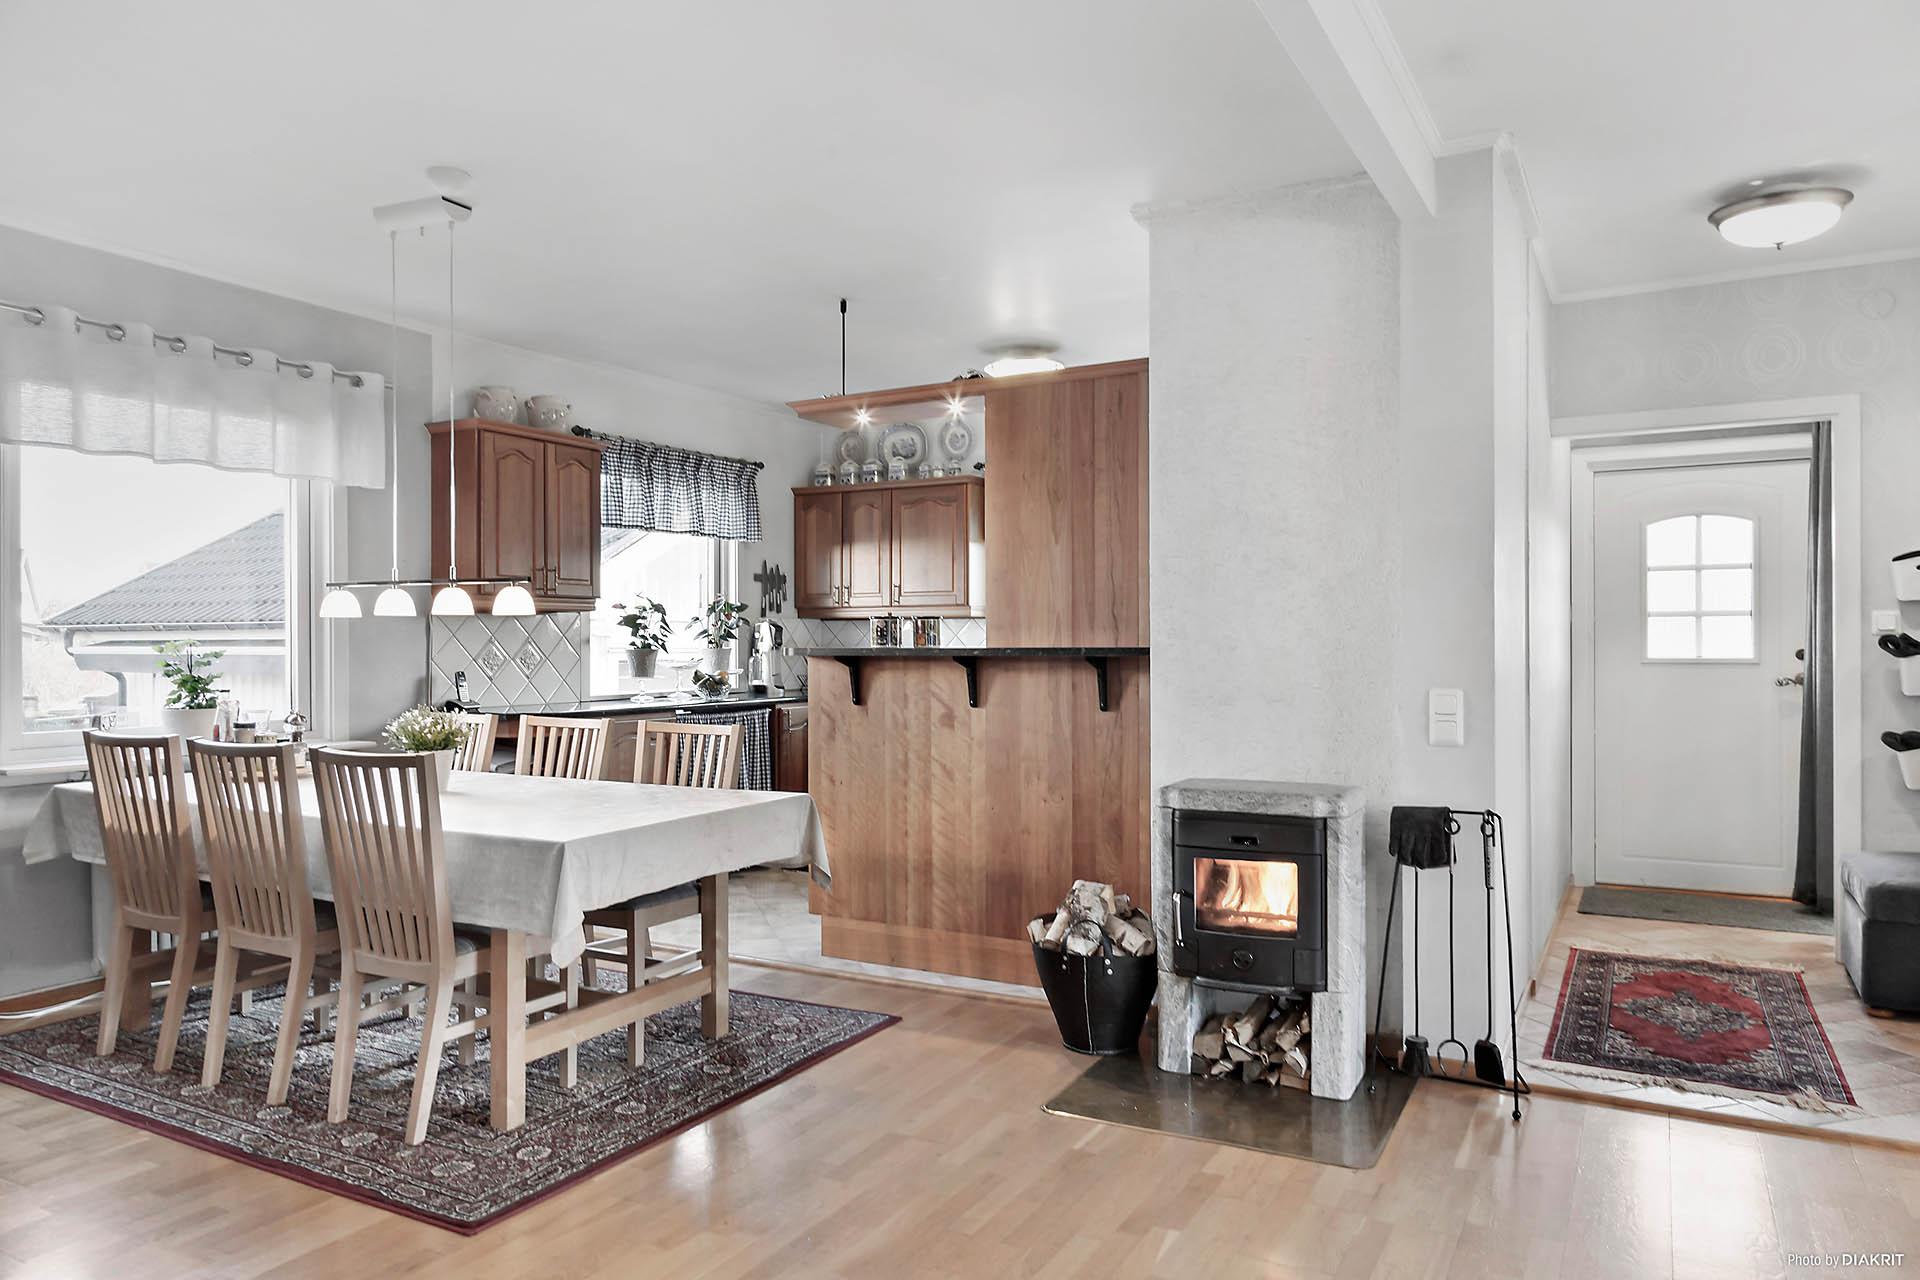 Här bor du i en trivsam enplansvilla med öppen planlösning mellan kök och vardagsrum.
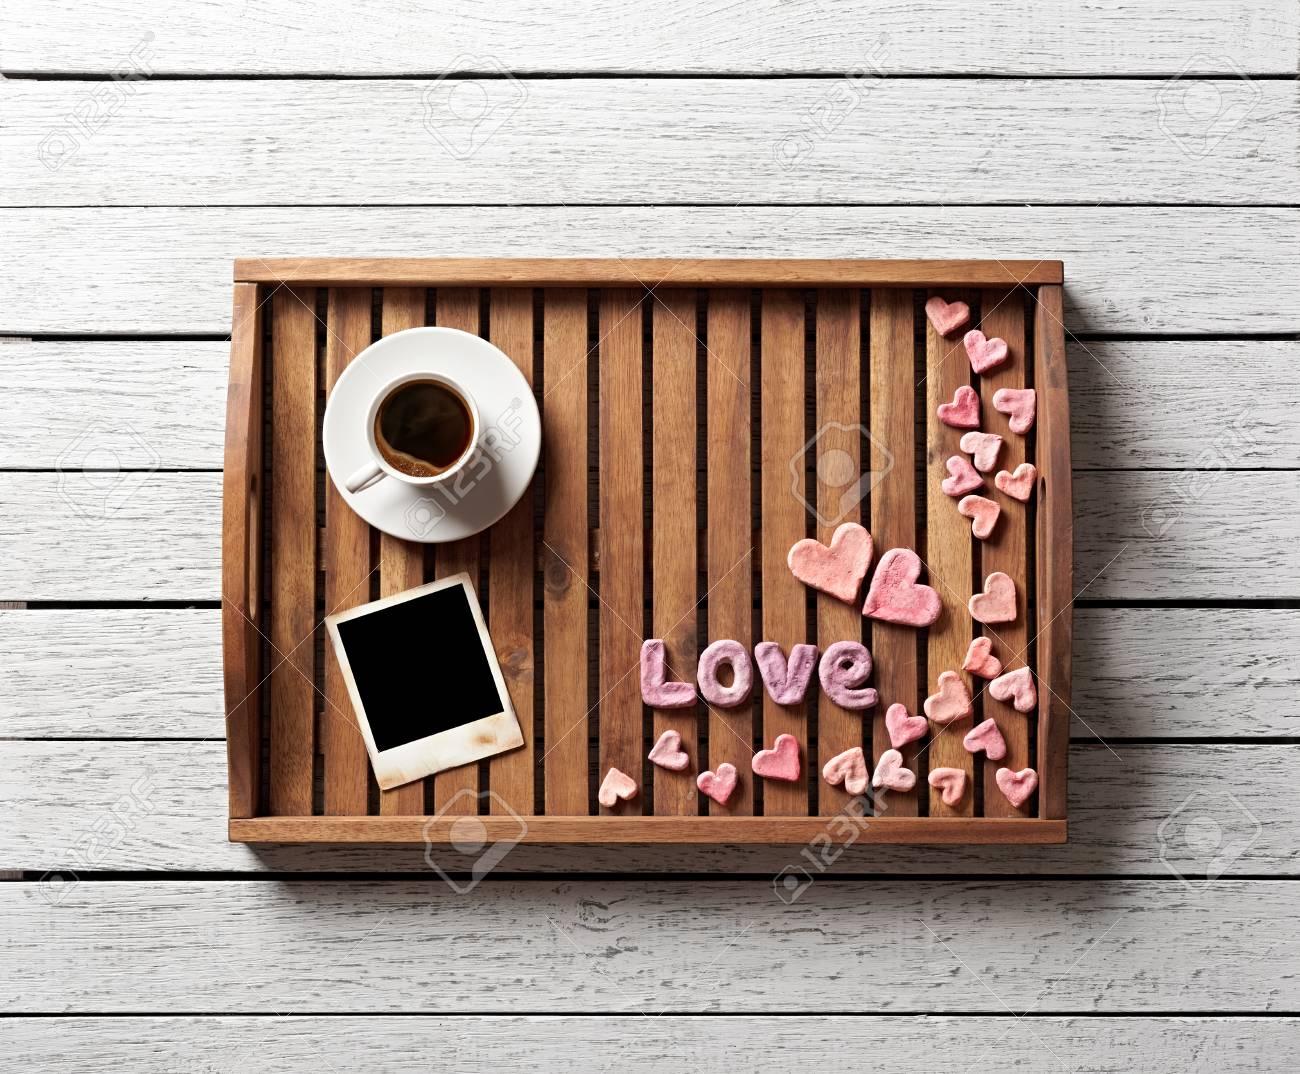 Nette Valentinstag Elemente Auf Präsentierteller: Kleine Herzen ...
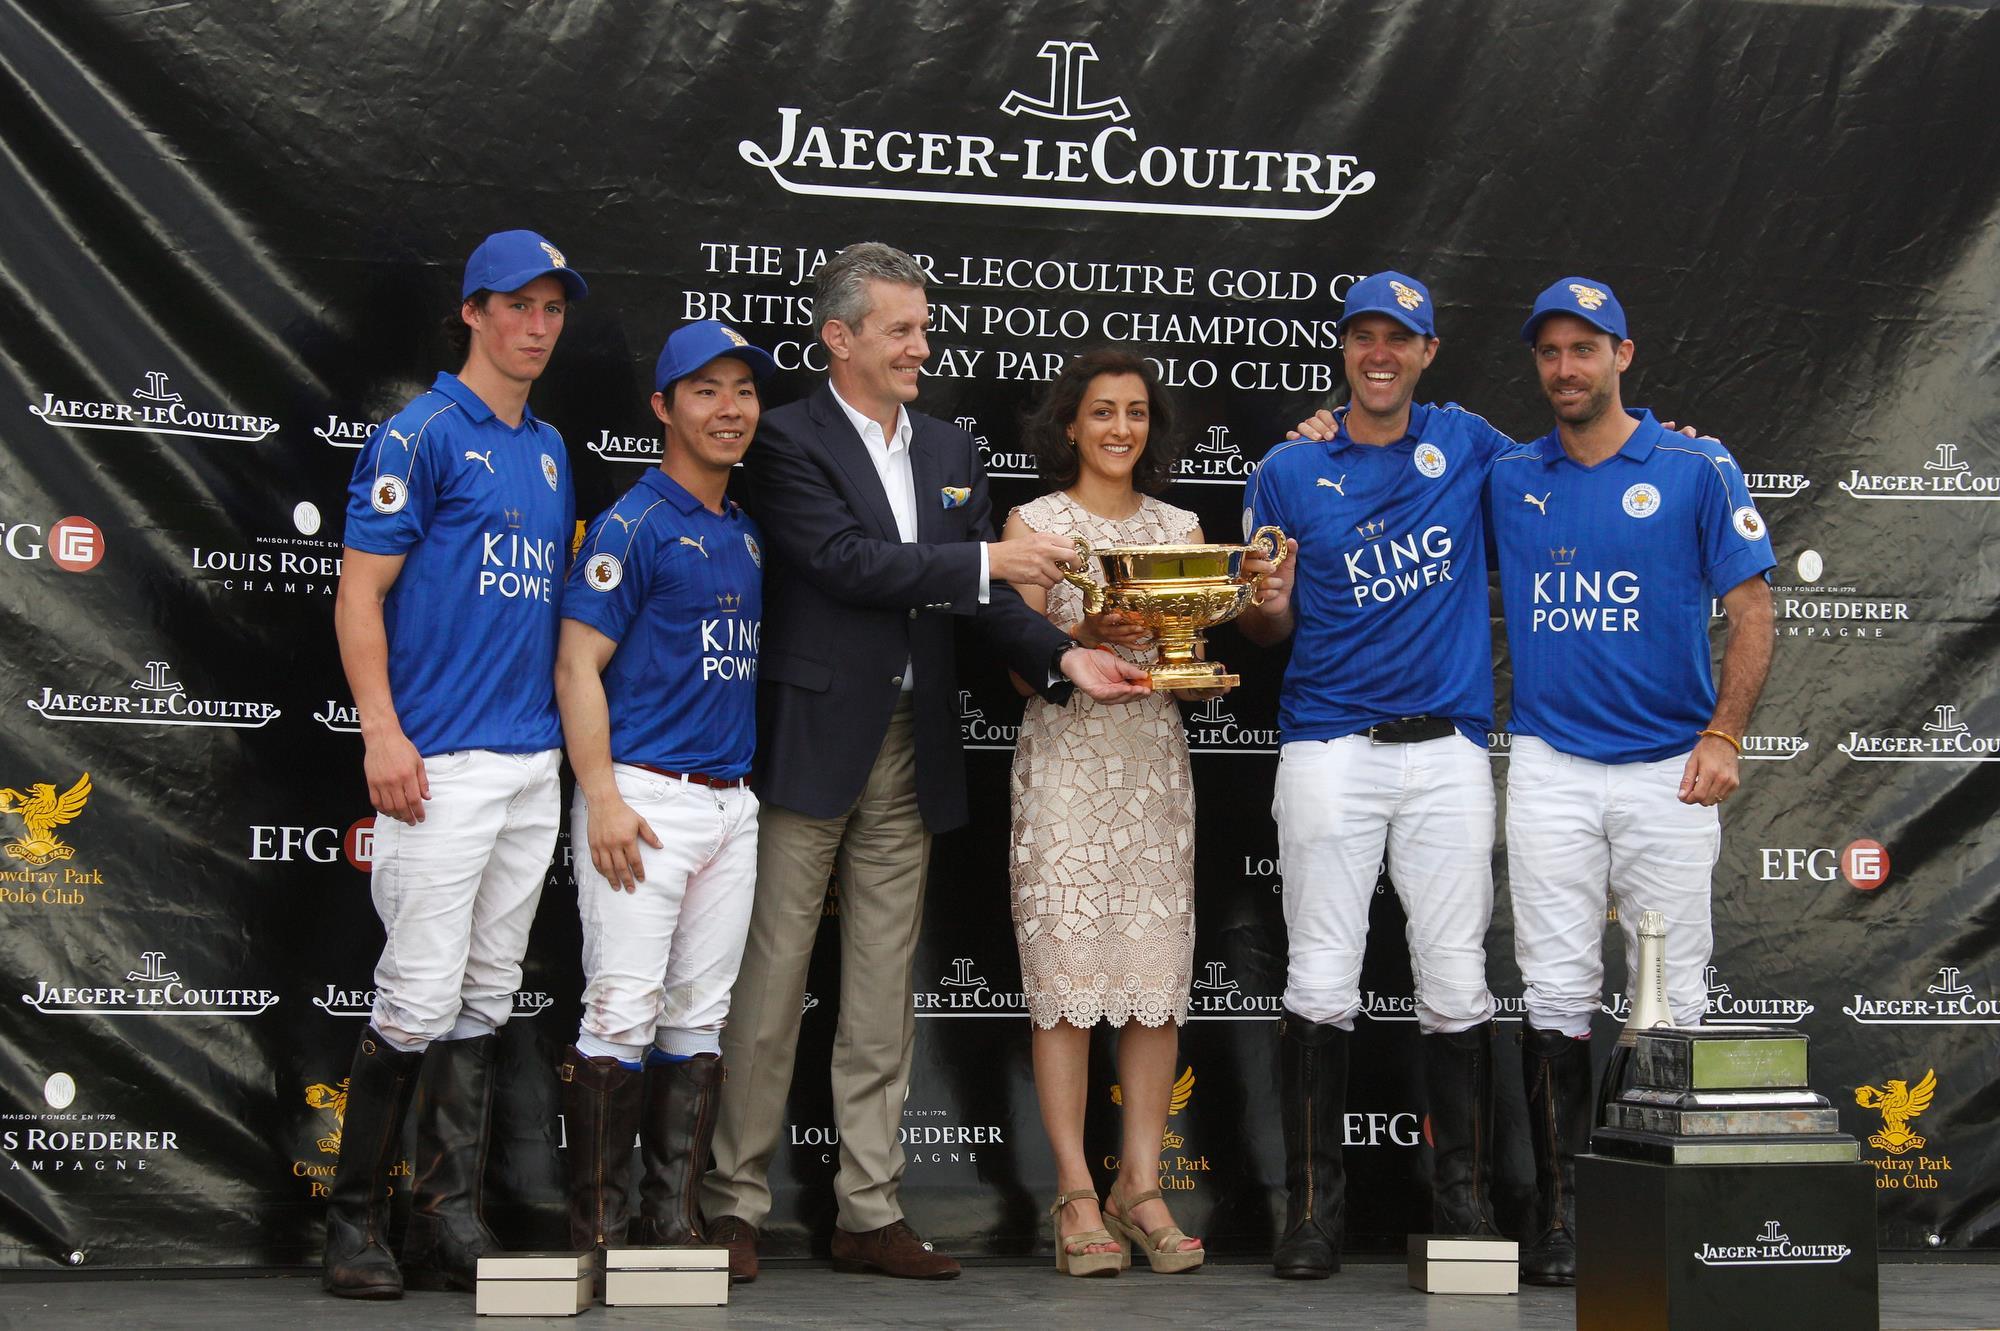 Jaeger-LeCoultre Gold Cup Semi Finals

Your task:
Every line above should be printed again word for word, without its pictures.

Exercise output:
 Här bor du i en trivsam enplansvilla med öppen planlösning mellan kök och vardagsrum.
 Nette Valentinstag Elemente Auf Präsentierteller: Kleine Herzen ...
 Jaeger-LeCoultre Gold Cup Semi Finals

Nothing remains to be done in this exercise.